- Genre: Arbitration-based reality court show
- Starring: Judge David Young Bailiff Tawya Young
- Country of origin: United States

Production
- Running time: 30 minutes approx. (including commercials)
- Production company: Sony Pictures Television

Original release
- Network: Syndication
- Release: September 10, 2007 – September 4, 2009

= Judge David Young =

American reality court show (2007–2009)

Judge David Young is an American arbitration-based reality court show presided over by former Miami-Dade County Circuit Court Judge David Young. The series aired in first-run syndication. It premiered on television stations across the United States and Canada on September 10, 2007, and ran for 2 seasons until September 4, 2009.

Young is the first openly gay TV judge. In the program, he presided over small claims court cases. The series was produced and distributed by Sony Pictures Television. The series was filmed at the Chelsea Studios in New York City.

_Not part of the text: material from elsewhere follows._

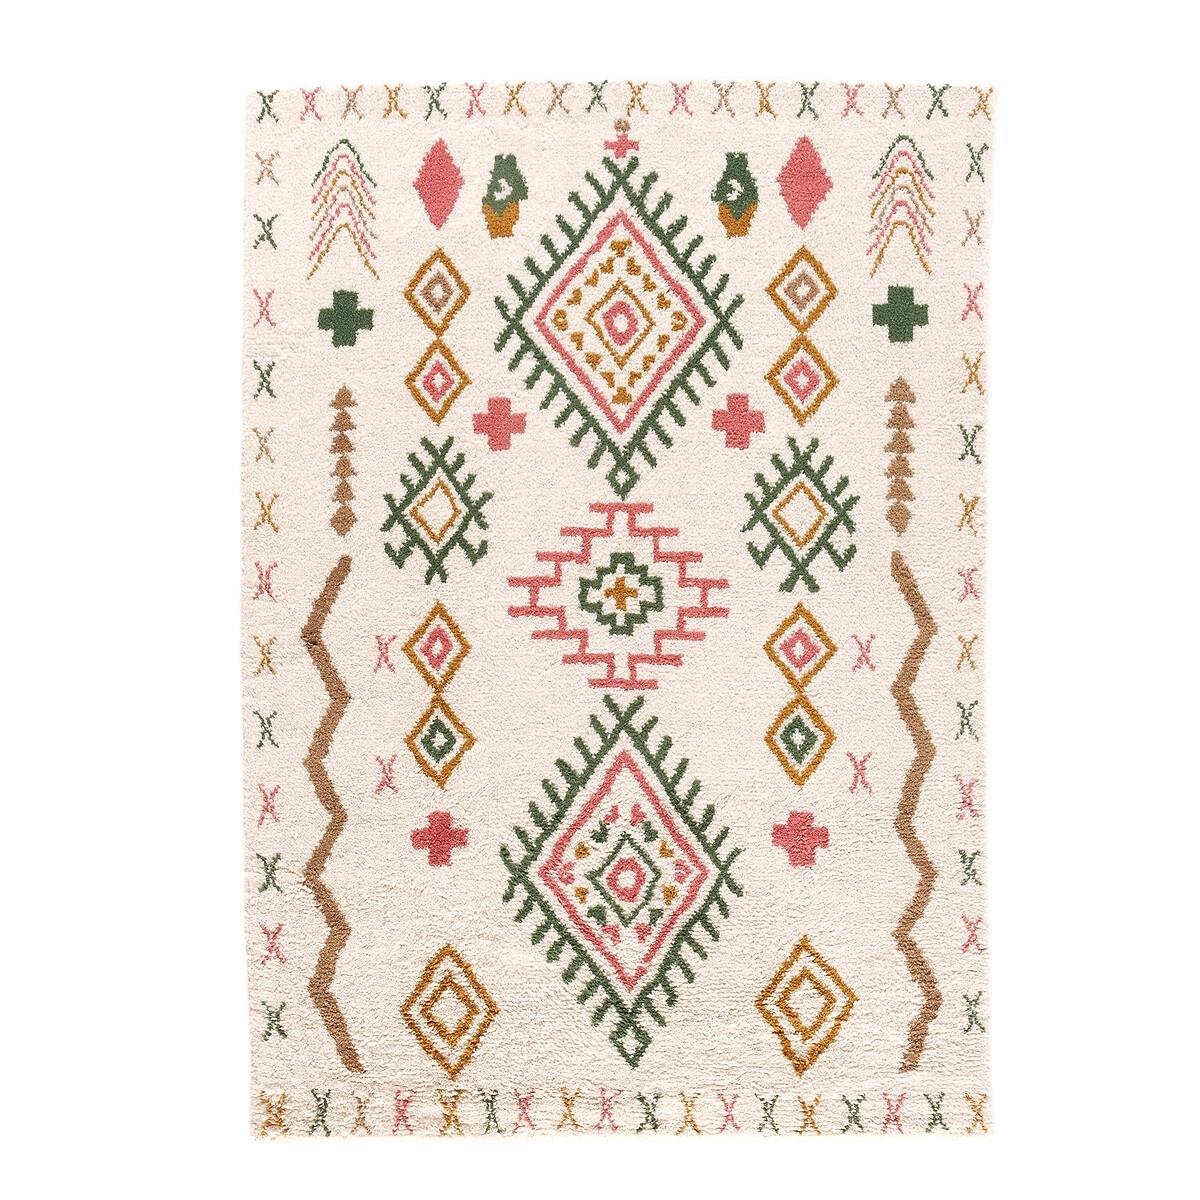 Фото - Ковер LaRedoute В берберском стиле из шерсти Tobi 160 x 230 см разноцветный ковер laredoute в берберском стиле rabisco 160 x 230 см бежевый

==Format and case handling approach==
Much of Young's behavior was comically campy. In fact, the tagline of his court show parodied Judge Judy's "Justice with an Attitude" tagline, using "Justice with a Snap" instead. Young frequently finger-snapped the litigants upon sassy remarks and randomly burst into show tunes. He made a point of warning his litigants that there is only "one queen" allowed in the courtroom and that's him. Young said he wanted to be a role model for LGBT youth. In every episode, Young explained his position after his ruling to the studio audience. He often firmly silenced litigants if they were interrupting or becoming a problem. One of his trademarks was his humorous interactions with his bailiff, Tawya Young. Although David and Tawya share the same last name, they have no relation to each other.

On January 10, 2009 it was announced that his contract would not be renewed for a third season.

==Cancellation==
Judge David Young ran for two seasons, from September 10, 2007, to September 4, 2009. SPT subsequently did not renew Judge David Young due to a change in Sony's daytime television administration. They did not renew any of their original daytime television syndicated series.